Triumph Group, Inc. (NYSE:TGI), a leading aerospace and defense systems manufacturer, has clinched a significant five-year contract to provide maintenance, repair, and overhaul (MRO) services for CF6-80C2 nacelles utilized across diverse Boeing (NYSE:BA) aircraft fleets. The contract, granted by an undisclosed Asia Pacific operator, will be managed by Triumph’s esteemed Product Support business situated in Chonburi, Thailand (TASA).
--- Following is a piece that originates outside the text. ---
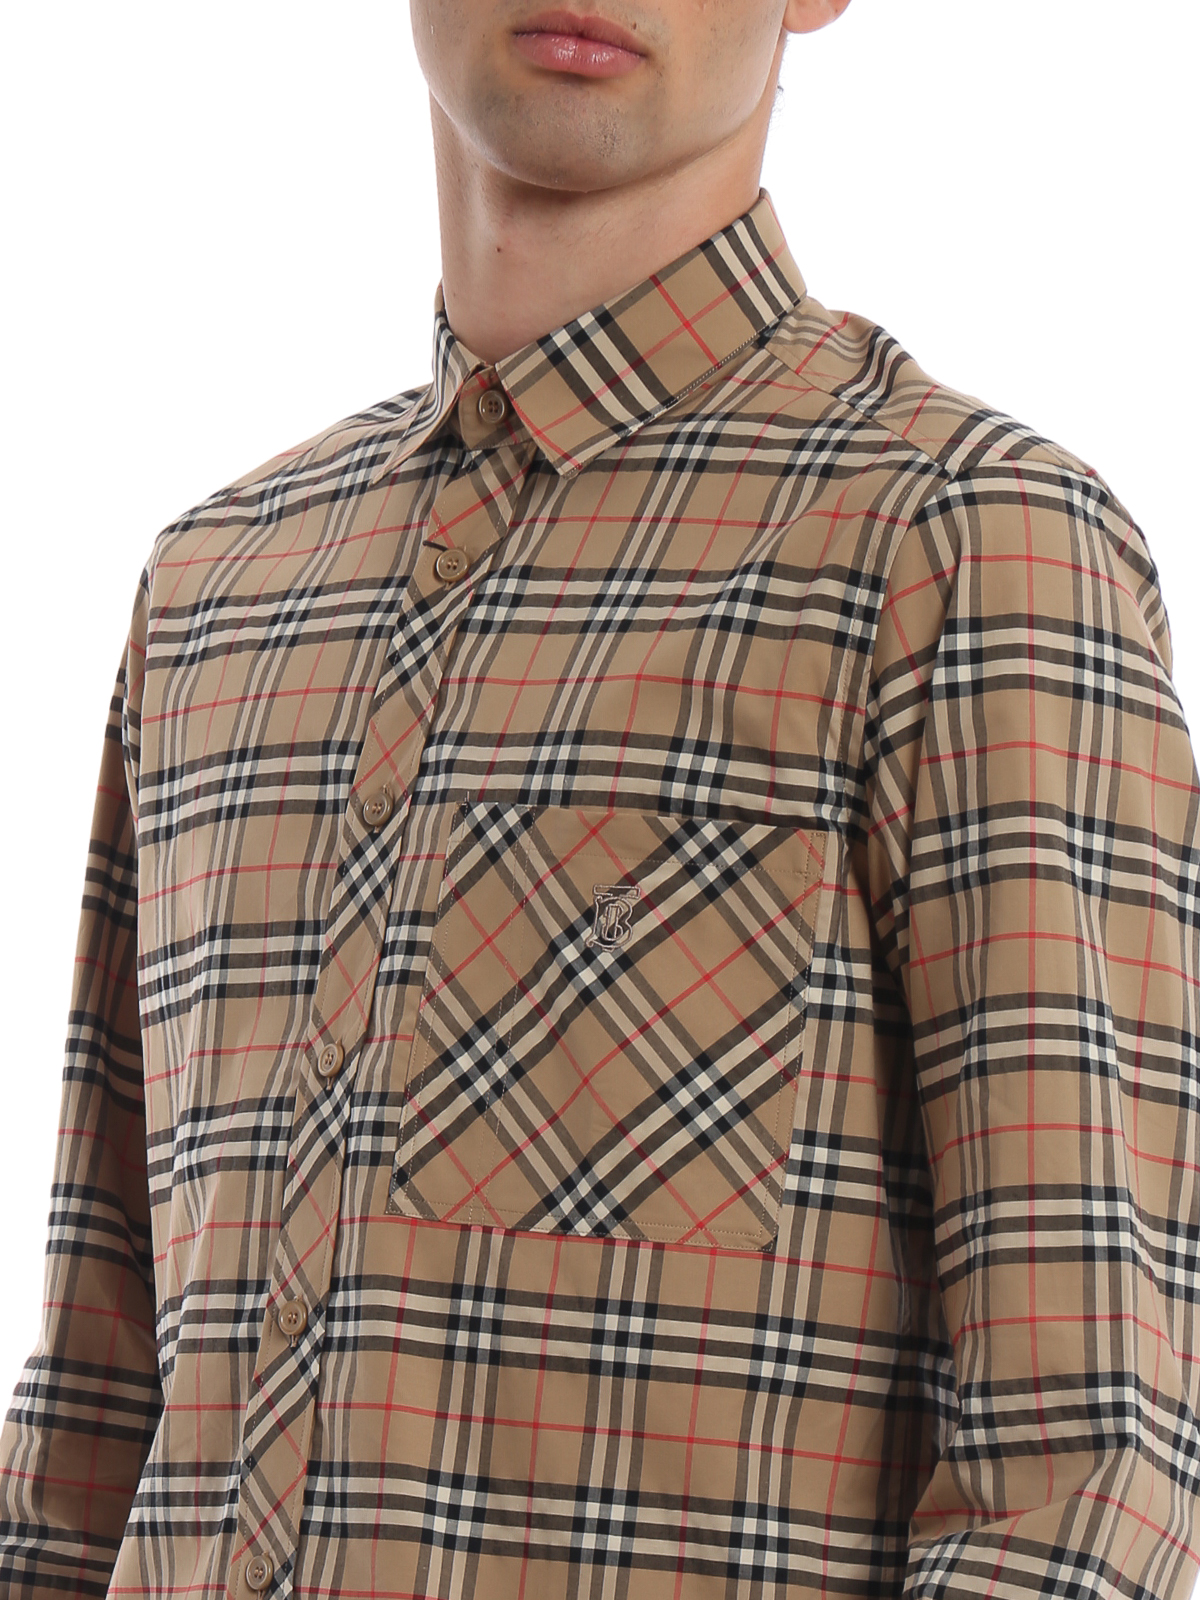 burberry cotton poplin shirt

With a rich history in servicing CF6 nacelles, Triumph intends to leverage its array of cost-effective repair solutions to fulfill the contract’s stringent requirements. Jim Berberet, President of TRIUMPH Product Support, underscored the company’s dedication to delivering competitive pricing, dependable turnaround times, and top-notch products and services.

Triumph’s Product Support arm offers comprehensive life cycle solutions for various aircraft categories, spanning commercial, regional, and military models. Its services extend beyond mere delivery to streamline the MRO supply chain, encompassing the repair of aircraft structures, nacelles, as well as engine and aircraft accessories and components.

Headquartered in Radnor, Pennsylvania, Triumph Group specializes in designing, developing, manufacturing, repairing, and overhauling a diverse range of aerospace and defense systems and components. With a global footprint, the company serves a wide clientele, including original equipment manufacturers and a diverse spectrum of military and commercial aircraft operators.